## WHAT YOU ARE ASKED TO DO
Transcribe the lines below exactly. No image belongs in the transcription.

## DATA SECTION
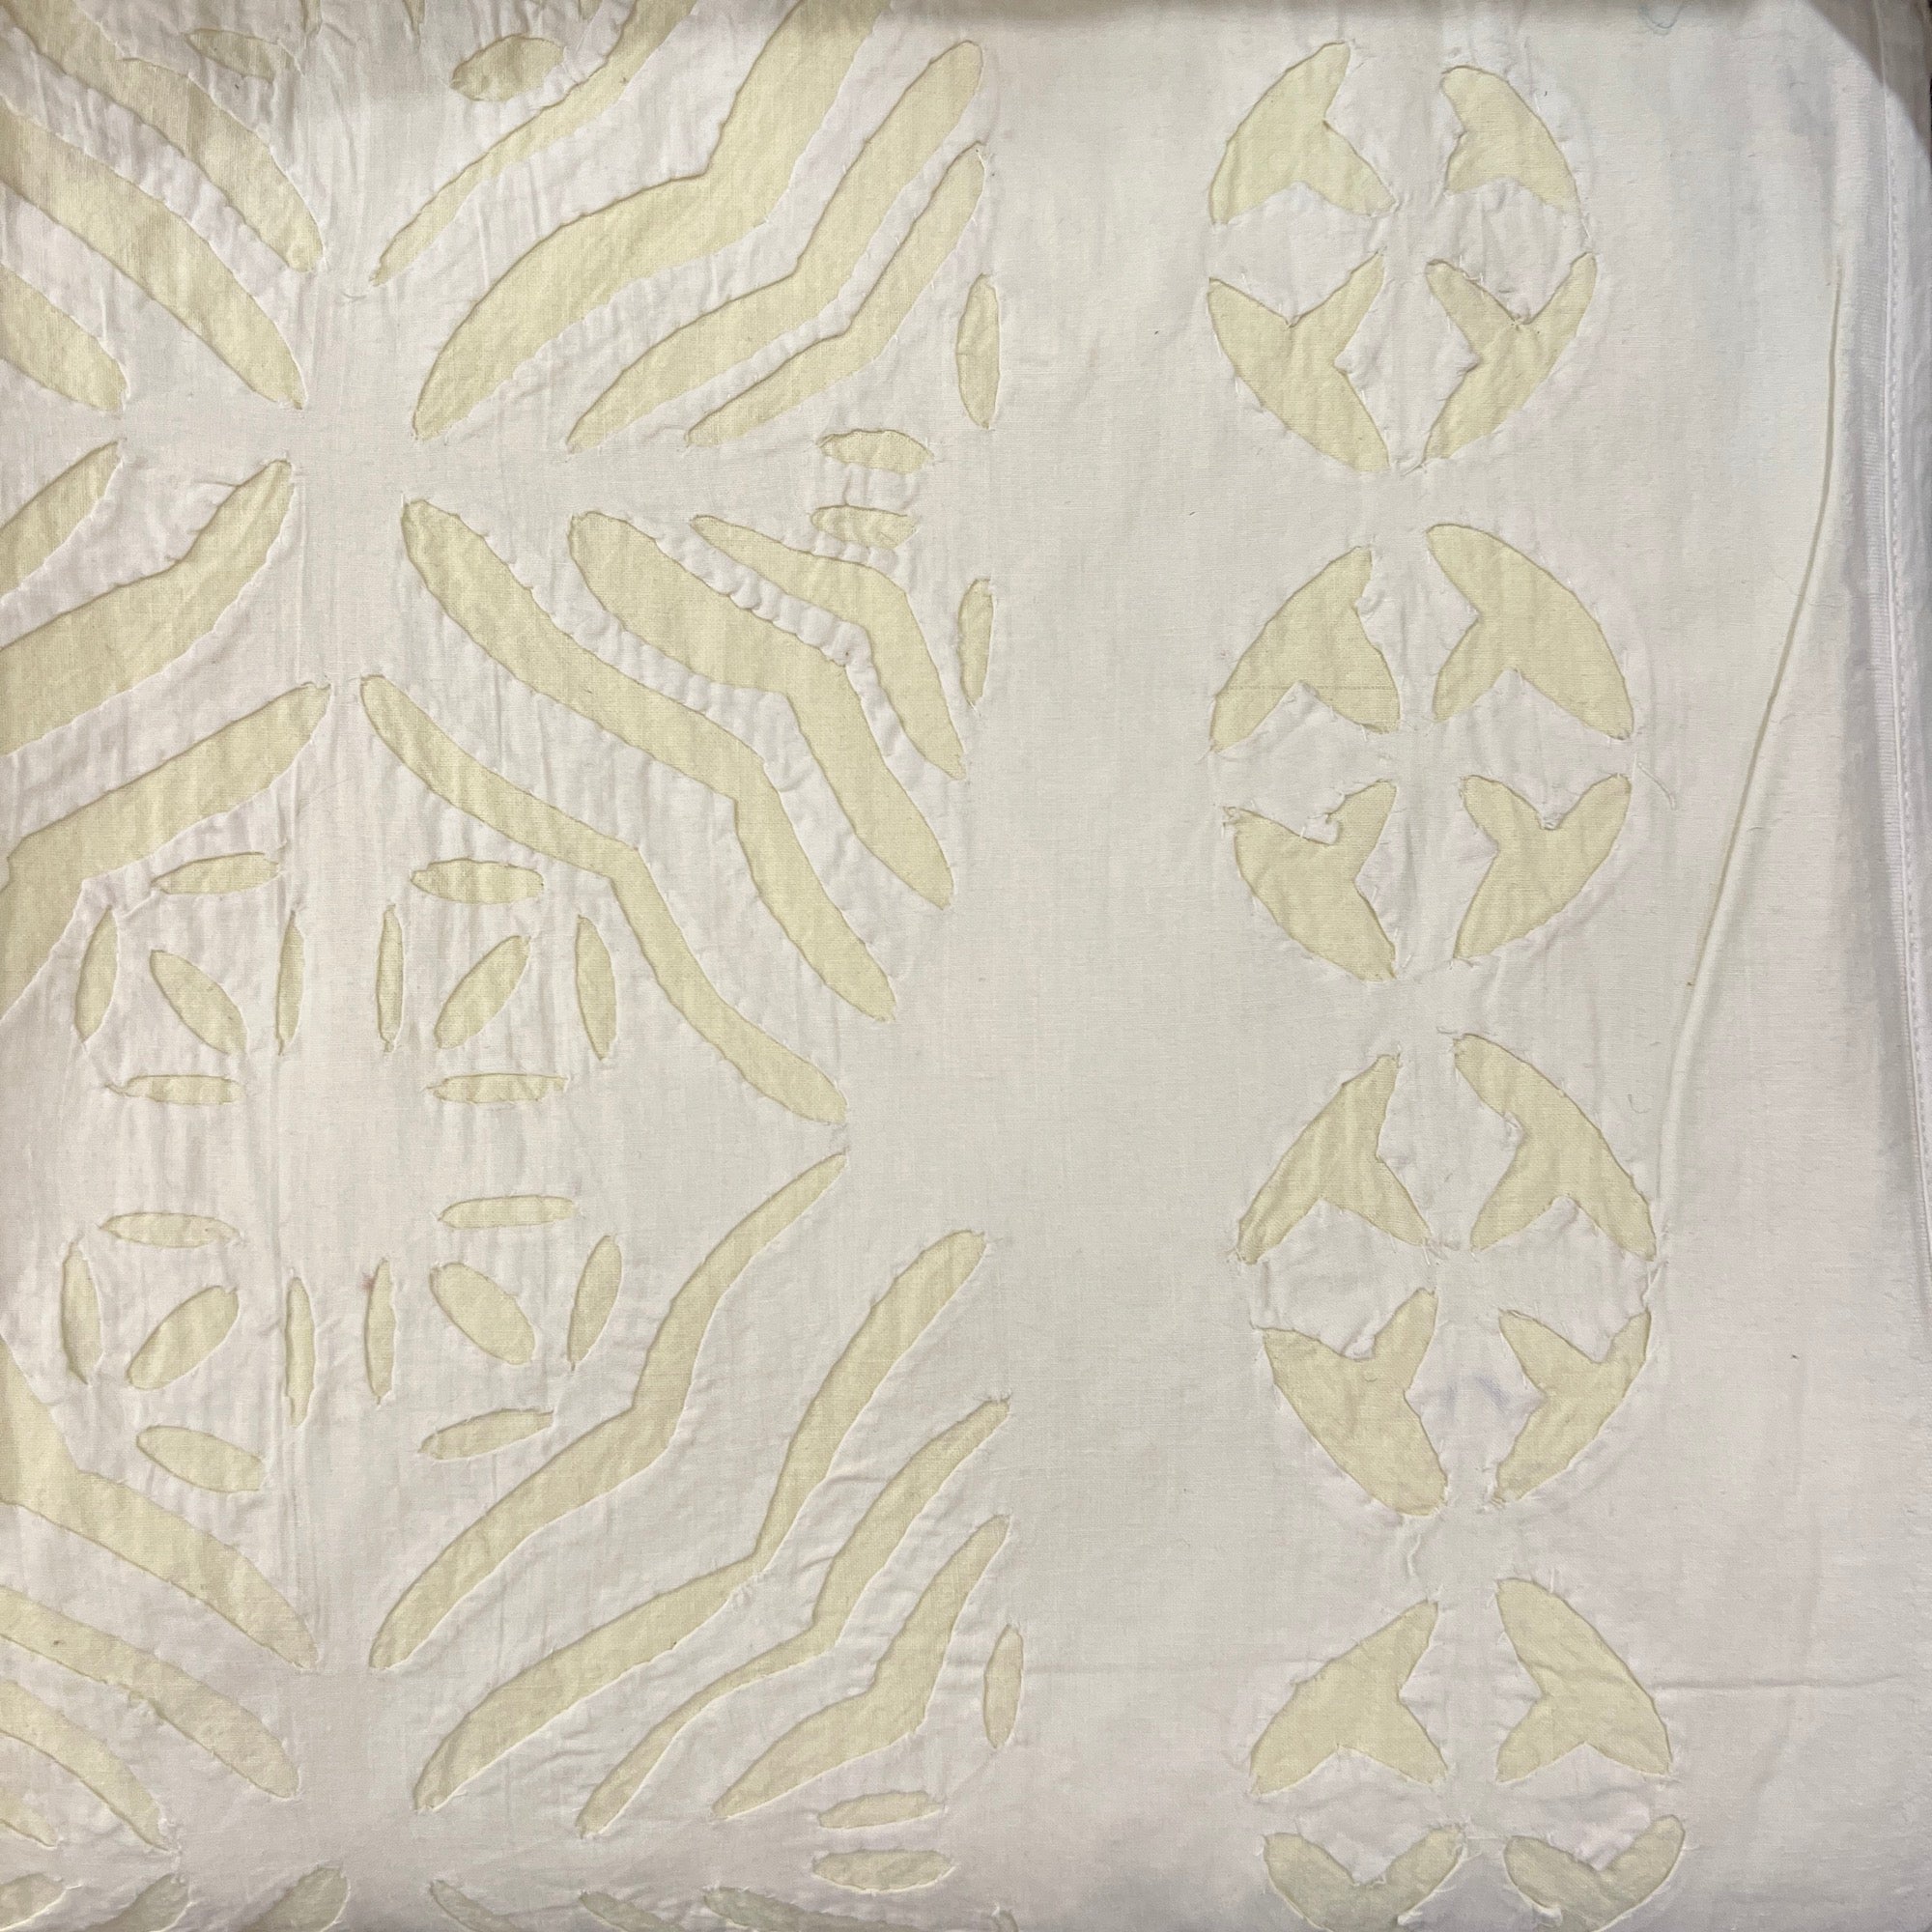 Hand Made Applique Bedcover-6 Colors - Vintage India NYC
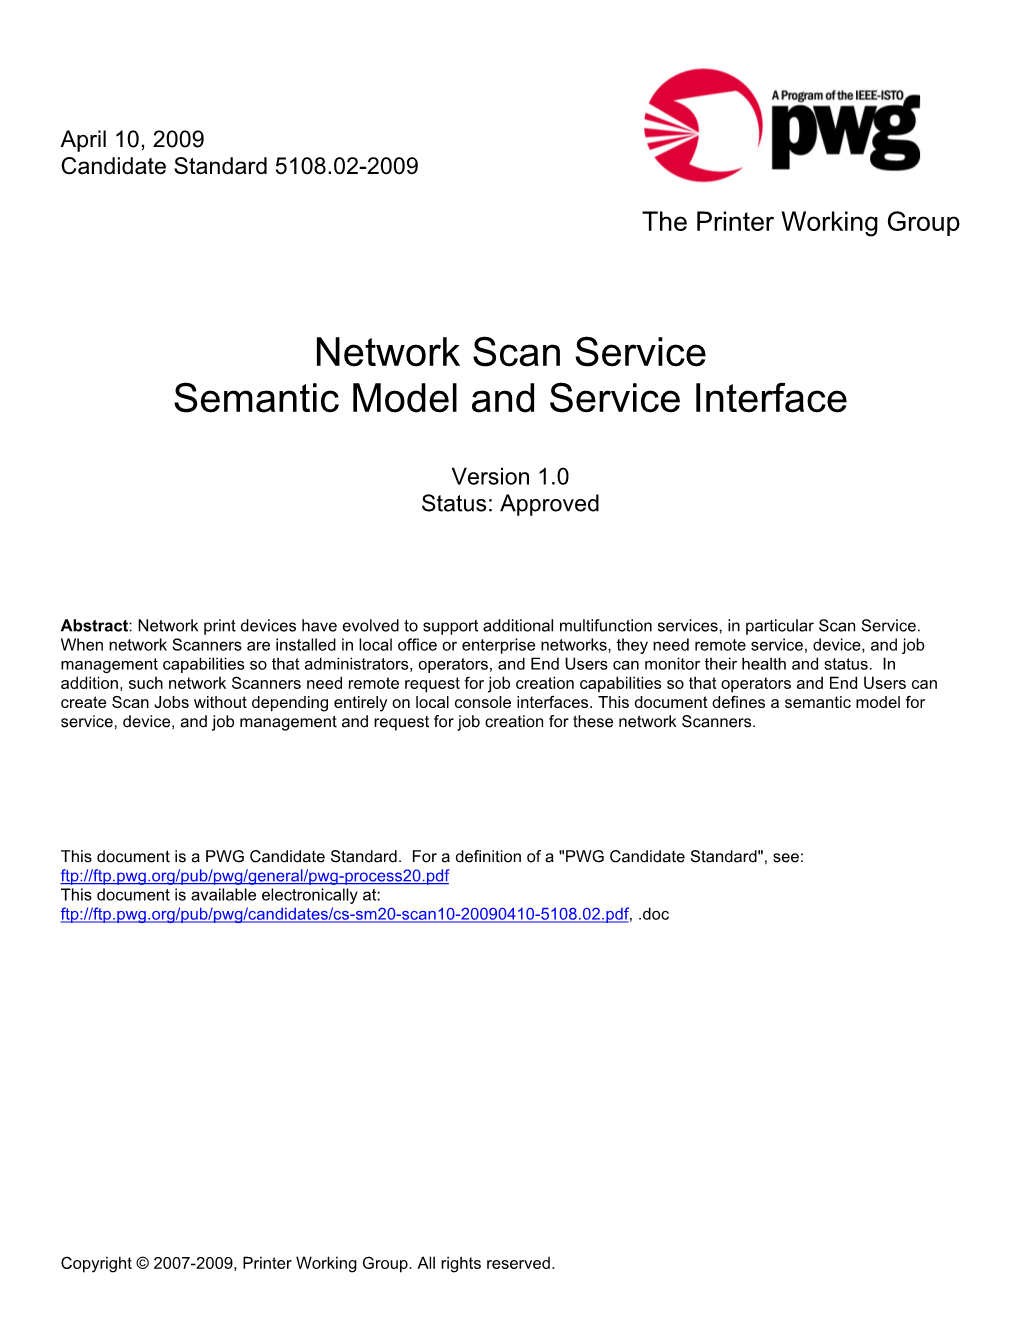 Network Scan Service Semantic Model and Service Interface
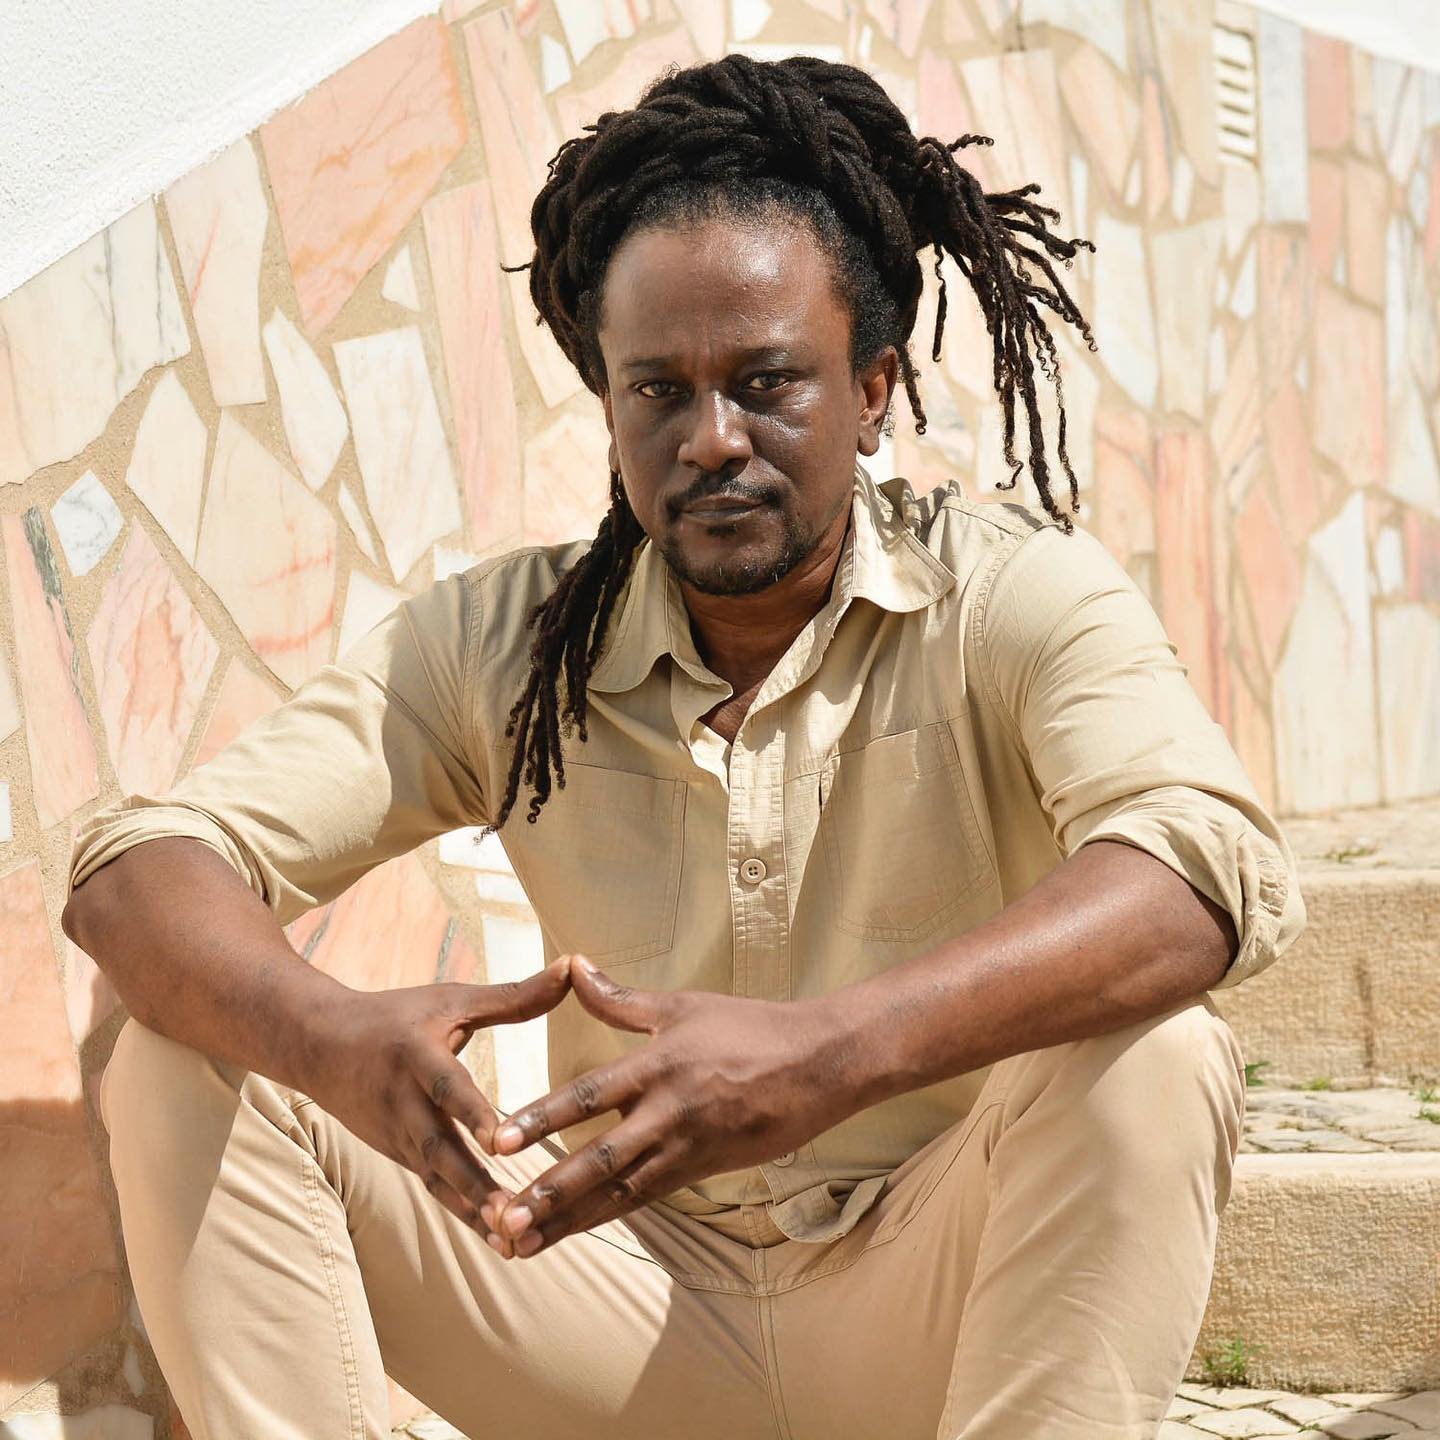 &lsquo;Mr. Liar&rsquo; by Tende Kasha - Catchy Reggae With Origins in Angola, Portugal, and Australia

There&rsquo;s something about candid, straightforward honesty in lyrics that can cut deeper than overly abstract metaphors and symoblism and &ldquo

## SOLUTION TO THE EXERCISE
 Hand Made Applique Bedcover-6 Colors - Vintage India NYC
 Network Scan Service Semantic Model and Service Interface
 &lsquo;Mr. Liar&rsquo; by Tende Kasha - Catchy Reggae With Origins in Angola, Portugal, and Australia

There&rsquo;s something about candid, straightforward honesty in lyrics that can cut deeper than overly abstract metaphors and symoblism and &ldquo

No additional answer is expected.